I’m just curious if it’s common for numbers to have a ton of arbitrary mathematical properties. 42, for instance, seems to have a laundry list of not-really-bizarre-but-kind-of-cool mathematical properties. Often with impressive sounding names like “pronic number” (product of two successive integers).
But I really wonder, if I picked a random integer, could a sufficiently bored mathematician find a comprehensive list of a bunch of impressive sounding but relatively meaningless properties?
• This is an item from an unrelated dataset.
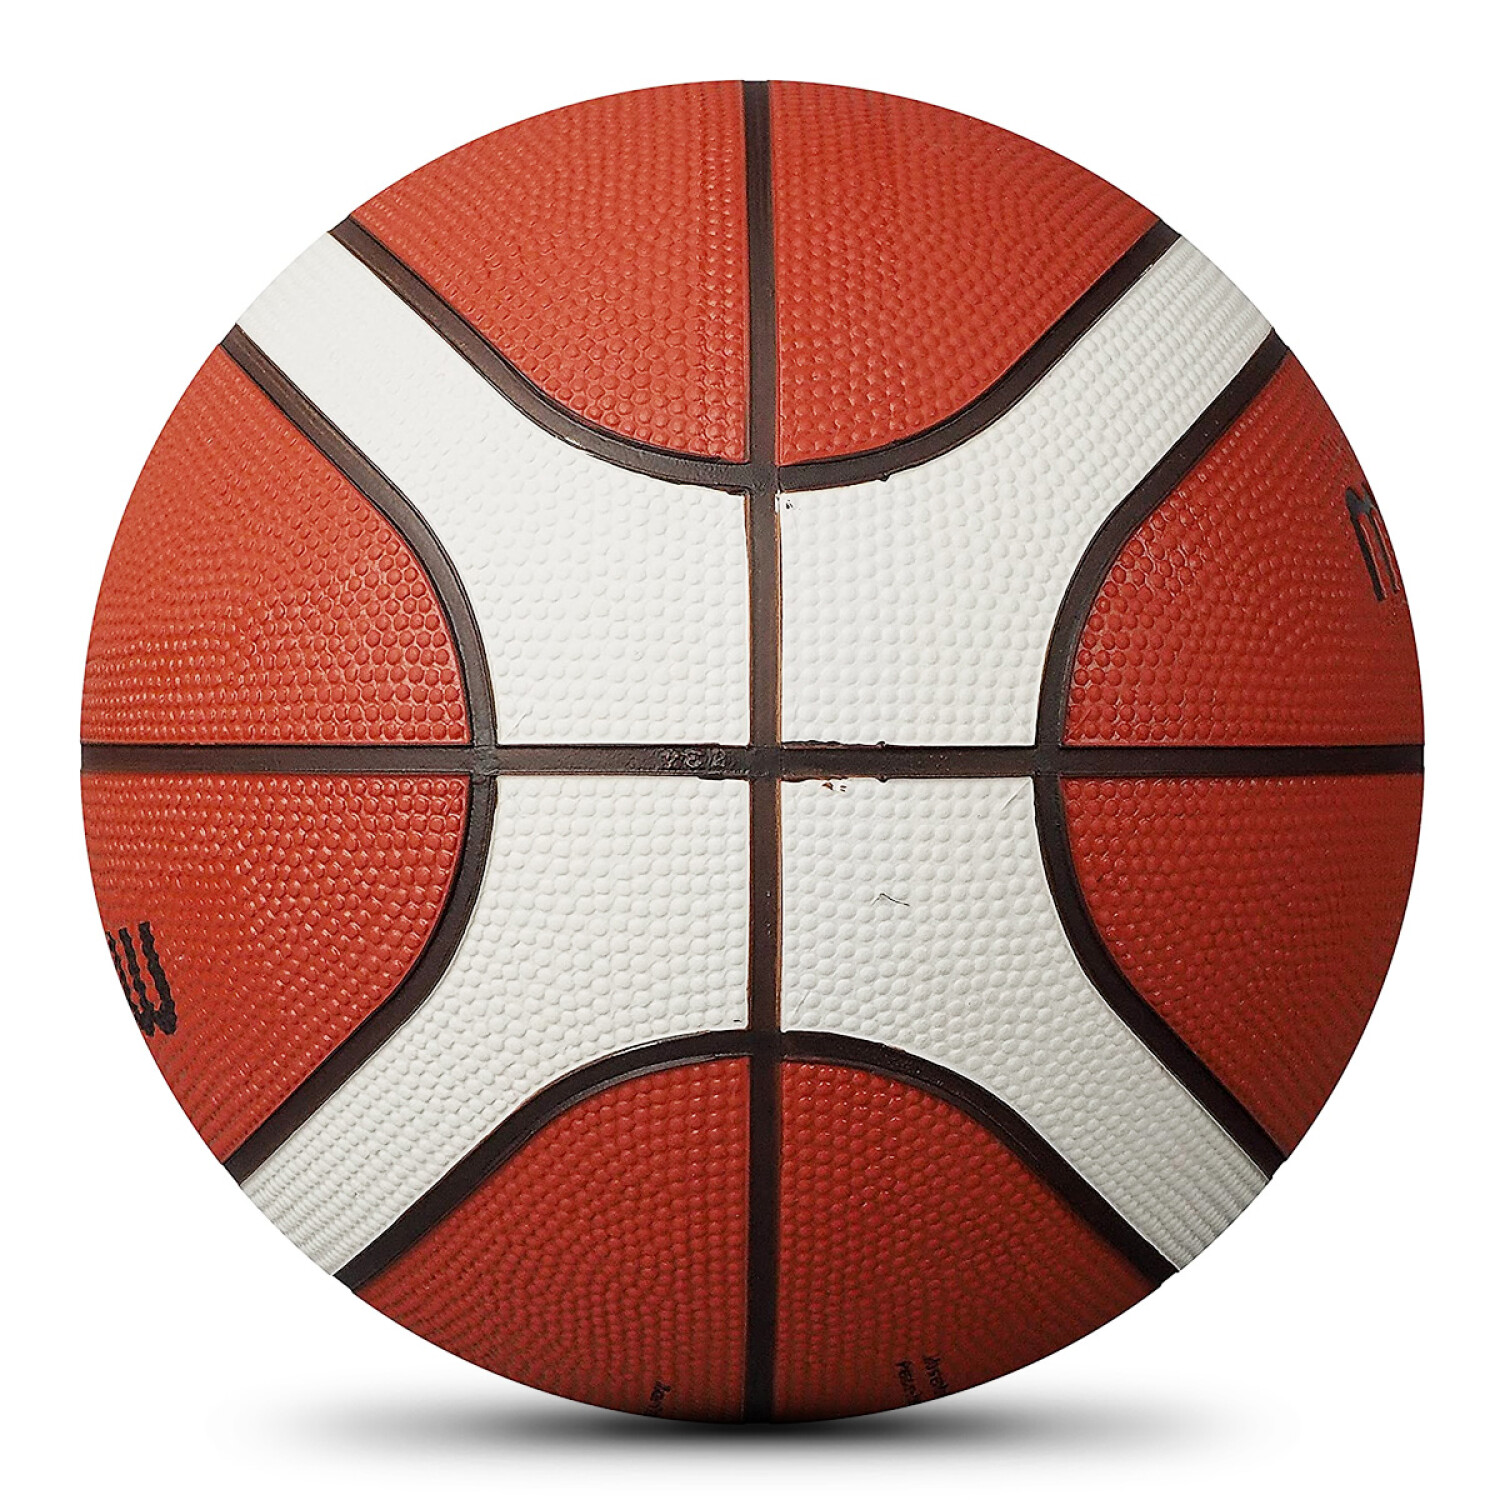 Pelota Basket Molten Gr5 Goma Nº5 Original Basquetbol - B5G 2000 — El Rey  del entretenimiento

It seems like you could, but I have heard some say things like how certain important numbers (like 666) are actually “really boring” mathematically. However, even if some numbers are “boring” can you get a bunch of impressive sounding properties for most of them (yes, I realize the futility of asking this question about an infinite set)?
I suspect non-primes are going to fare better than primes in this department, simply because being prime excludes you from a whole class of properties involving your factors, but who knows, they may make up for it in other ways.
Claim: There is no such thing as an uninteresting natural number.
Proof by Contradiction: Assume that there is a non-empty set of natural numbers that are not interesting. Due to the well-ordered property of the natural numbers, there must be some smallest number in the set of uninteresting numbers. Being the smallest number of a set one may consider uninteresting makes that number interesting after all: a contradiction.
Hmm. I’ve never found that proof all that convincing; it smacks of the unexpected hanging paradox to me.
But I guess that what we mean by interesting number is not a clear concept anyway, so it’s moot.
Which makes it pretty much exactly the same as the “unexpected hanging” paradox – since that one essentially hinges on the unclearness of what “unexpected” means.
There are people who really do get devoted to finding out, listing, and remembering the facts about numbers. Case in point, one of my favorite math books, the Penguin Dictionary of Curious and Interesting Numbers:
Second case in point, the story of G.H. Hardy and Srinivasa Ramanujan:
91 has two interesting properties. It is the smallest positive integers that is the sum of two cubes in two different ways. And it is smallest composite number that most people think is prime.
I remember reading that taxicab 1729 anecdote and thinking, “Seriously?” I thought some of my friends were geeky but couldn’t imagine any of them complaining to an ill friend in hospital that the number of their cab was “dull”!
This is oozing into the metaphysical, but the Kabbalistic (new age version, don’t know about orthodox version) of reality is that ANYTHING can, and should, be connected to something else in an interesting way. Numbers, words, people, objects, concepts, this pen, that tree…connect everything there is to connect, and the last things left to connect are you and YHVH (God.)